TV Rewind: Why Avatar: The Last Airbender’s Bold Animation and Fearless Politics Remain Essential
Photo Courtesy of Nickelodeon
Editor’s Note: Welcome to our TV Rewind column! The Paste writers are diving into the streaming catalogue to discuss some of our favorite classic series as well as great shows we’re watching for the first time. Come relive your TV past with us, or discover what should be your next binge watch below:
When I first saw Avatar: The Last Airbender, I watched it through Netflix, but the old-fashioned way: by getting individual DVDs in the mail, each containing four to six episodes before I’d need to mail it back and order a new one. Now, as I watch it through the massive streaming service Netflix has become, The Last Airbender remains the same show I’ve always loved. It’s just as consistently beautiful, intense, profound and hilarious as I remember, balancing each element as well as the Avatar balances water, fire, earth, and air.
But as I’ve grown, and as my younger sister experiences the show for the first time, I’m finding new, different ways to connect to The Last Airbender’s stories and characters. The warring nations are no longer just a backdrop for cool battles (although damn, those battles are still so cool), but contain different political ideologies and structures based directly on the real world. I’ve grown to relate to more of its characters’ struggles and triumphs. Above all, the show’s unwavering message of choosing good over evil is more potent than ever.
Immediately, The Last Airbender felt distinct from the other cartoons I watched at the time. Unlike Spongebob Squarepants, The Fairly Oddparents or Jimmy Neutron, this show had a strict narrative, without a single episode being unimportant to the overall plot. I noticed how in the Pokémon anime, Ash and co. would meet a new friend and always promise to meet again someday at the episode’s end. They almost never did.
In Avatar, they mean it. Every action has far-reaching consequences, not just on a wide, geopolitical scale but even in how different characters view one another. Avatar: The Last Airbender was the first show to trust that my age range could understand and enjoy a complex, increasingly mature story, and it was right. As has always been the case, kids—even those with developmental disabilities—can understand a lot more than adults give them credit for, at times being able to view characters and plot points with more nuance than perhaps more narrow-minded parents.

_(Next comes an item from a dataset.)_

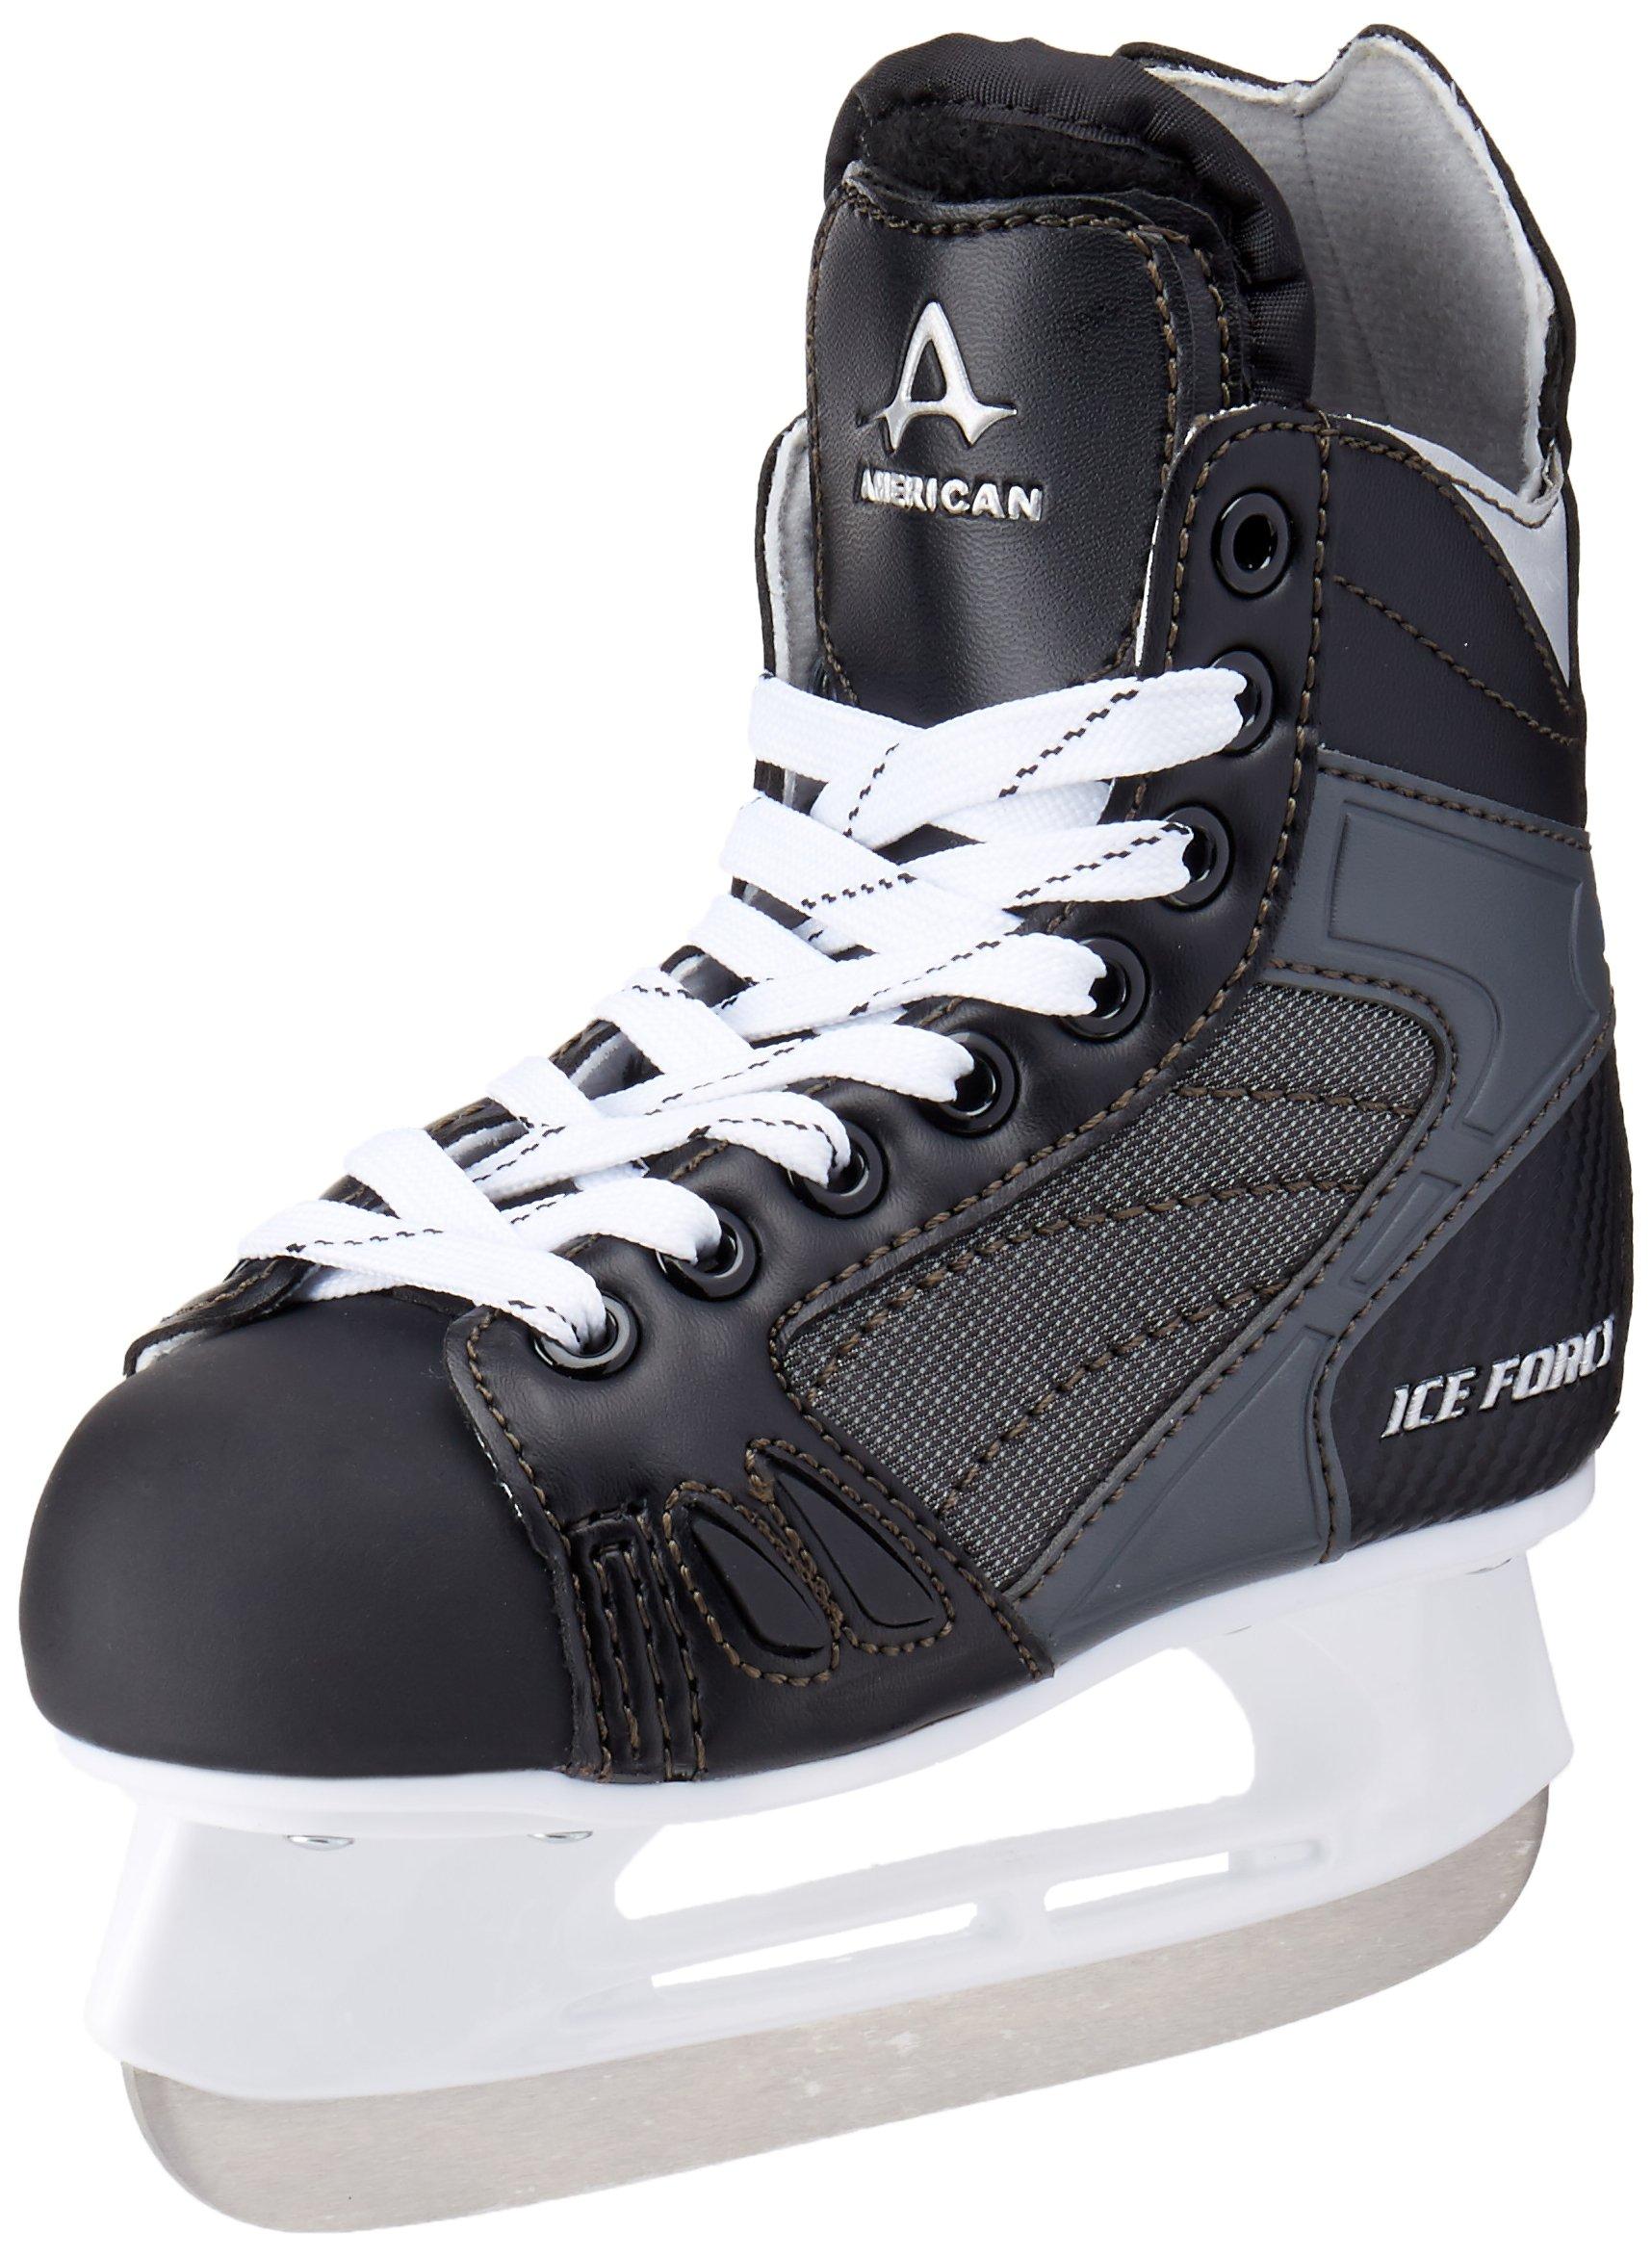 American Athletic Shoe Boy's Ice Force Hockey Skates, Black, 9 Y

Still, as I’ve rewatched the show, gaining more understanding about politics and media have changed my perspective on it. The last time I watched the show was when I was around 13, as one of the first shows I introduced to my younger sister, who was around five years old at the time. And although I recall her enjoying it, she was also too young to remember anything but the most vague, abstract structure of the show. We both started rewatching it together when it hit Netflix’s streaming service in May, and although my sister began watching with a nearly complete blank slate, The Last Airbender is also a radically different show from how I remember it.
As a privileged, white, middle-class kid, I didn’t really need to worry about politics growing up. I knew some people hated the Obama administration while others adored it, but anything I heard about it was an incomprehensible babble of political mumbo jumbo. When I was 16, something happened that changed that—on November 8, 2016, Donald Trump became President Elect of the United States. The morning after, my teacher broke down before class started. Fights broke out in the hallway between students of opposing ideologies. Some teachers tried to act like everything was normal; others spent the entire bell ranting for or against the upcoming leadership; another came into class, eyes burning red from tears, and gave us a bunch of pointless assignments to busy ourselves with while he sat silently at his desk. Politics were no longer something I could comfortably ignore. From then on, they were everywhere.
Even, as it turns out, in my favorite media.
While many forms of media, especially videogames, claim complete political immunity nowadays in order to not alienate any possible audiences, The Last Airbender thrives in its politics. Katara calls her brother sexist within the first five minutes of the premiere, and although its fantasy setting keeps it from directly calling out any political figures at the time, one can certainly draw comparisons between the insidious counselor to the Earth King, Long Feng (Who, by the way, literally says the word “political.” Can you imagine the reaction to that under today’s rage-fueled Internet?!) and the similar puppet-master/ vice president at the time, Dick Cheney.
But the political comparisons go far beyond those of when it was made. Politics have always been a cyclical discussion, and many of the issues The Last Airbender tackles in-depth are ones that have once again reared their ugly heads in 2020: Governments, particularly the Earth Kingdom, refusing to acknowledge the threats of oncoming destruction, lest it disturb their way of life certainly rings a bell with leadership across the country and globe, doesn’t it? “There is no war in Ba Sing Se” sounds a hop and a skip away from leaders and citizens alike proclaiming global warming, racial injustice, and our newest threat COVID-19 as nothing more than overreactions from the radical left, if not entirely made up.